As this longstanding status quo of AI development played out, however, it became apparent that there is an all-out AI race to maintain the #1 spot in LLM rankings is starting to become untenable for anyone but Google, the Big Three member with the largest talent pool, the most sophisticated compute center network, and the most amount of data. The tech giant, long grown past its days of Google Bard, now boasts the state-of-the-art in general multimodal LLMs with Gemini-2.5, an iteration intended for release at the 2025 Google I/O conference along with a series of impressive models, including the new SoTA few-shot video generator (veo3) and real-time pattern-of-speech-preserving video translation tools, both of which will probably become built-in with Gemini’s toolcalling. In fact, shortly after Gemini-2.5’s user testing trial began, OpenAI announced a $6.5 billion deal to acquire AI hardware startup io, working alongside former Apple designers to (ostensibly) revolutionize traditional appliances through the creation and manufacturing of new “AI Hardware”. It’s debated whether this move signifies OpenAI’s strategic investment into what they see as a potential market or a total status shift from its focus on LLM development in light of Google’s newfound supremacy in the field. I’d like to argue that it’s more of a fallback, in case the AI race becomes unsustainable for OpenAI in the short run; in this case, they could probably partner with the dominant AI company at the moment in order to capitalize on an already-stable framework for AI hardware, whether it be smart appliances or autonomous robots.

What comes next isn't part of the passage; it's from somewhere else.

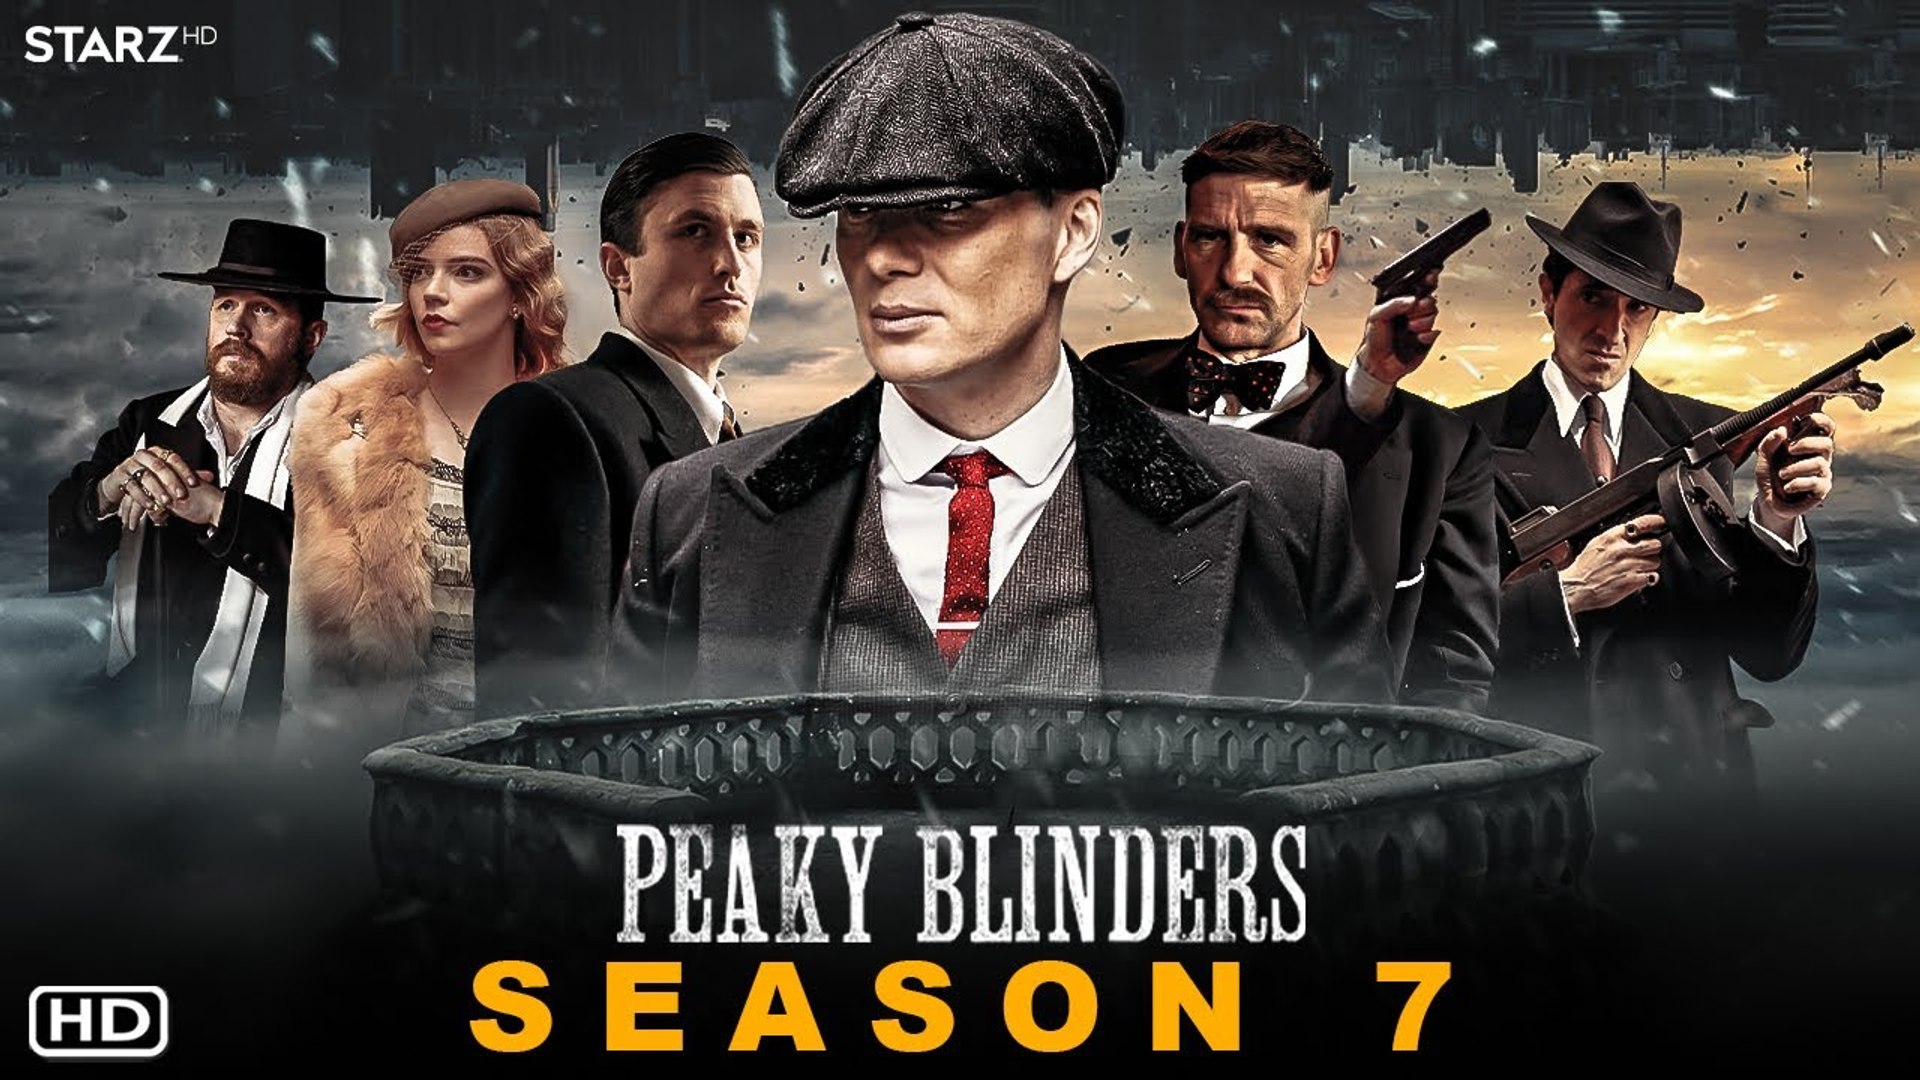 Peaky Blinders Series 1 4 Blu Ray Videomatica Ltd Since 1983

Google has the resources to pursue side projects along with maintaining its brisk lead in the AI race, and OpenAI has recently opened up a path for itself to go down if it wants to. In contrast to these two, Anthropic has established itself with optimizing Claude, its LLM, for coding, recently releasing the new SoTA with Claude Opus 4, although its lead in the benchmarking test is modest. In addition, Anthropic is notably the world’s biggest AI Ethics research organization, maintaining divisions studying AI safety as well as the societal impacts of new technologies. In line with this characterization, it portrays its mission as “Winning the AI race without losing [its] soul”, a somewhat bold tagline that antagonizes Google and OpenAI for leaning into a multitude of alleged data privacy and labor rights violations, two huge caveats for AI development that, so far, has not dissuaded any companies from partaking in the sheer hype of the Race.
In a sense, these specializations in AI development objectives would mean that in the near future, top AI companies will cease being direct competitors of each other as the natural effects of product differentiation kicks in. One could argue that if Anthropic does focus in agentic coding models and Google, chatbots, the search for AGI could theoretically be sped up as redundant resource use is eliminated. Yet, I contend that specialization would actually be unfeasible for the broader evolution of AI in the future for a few reasons:
Competition breeds innovation. Even though additional resources are not being consumed by a single company in development, the lack of impetus to innovate would hinder advancements despite this fact. If Google already held an extremely stable monopoly, it would not have incentive to spend billions on additional R&D to upgrade a product already in high demand.
Companies do not share all discoveries. Assuming that all companies actually do invest into further development despite the emergence of specialization as mentioned above, AI companies have been historically reluctant to share the specifics of a model (even lobbying against proposed government legislation for 3rd party review of proprietary model information), which would practically negate any potential benefit from the “you do this, I do that” model of AI development. True open-source AI is still an ideal right now.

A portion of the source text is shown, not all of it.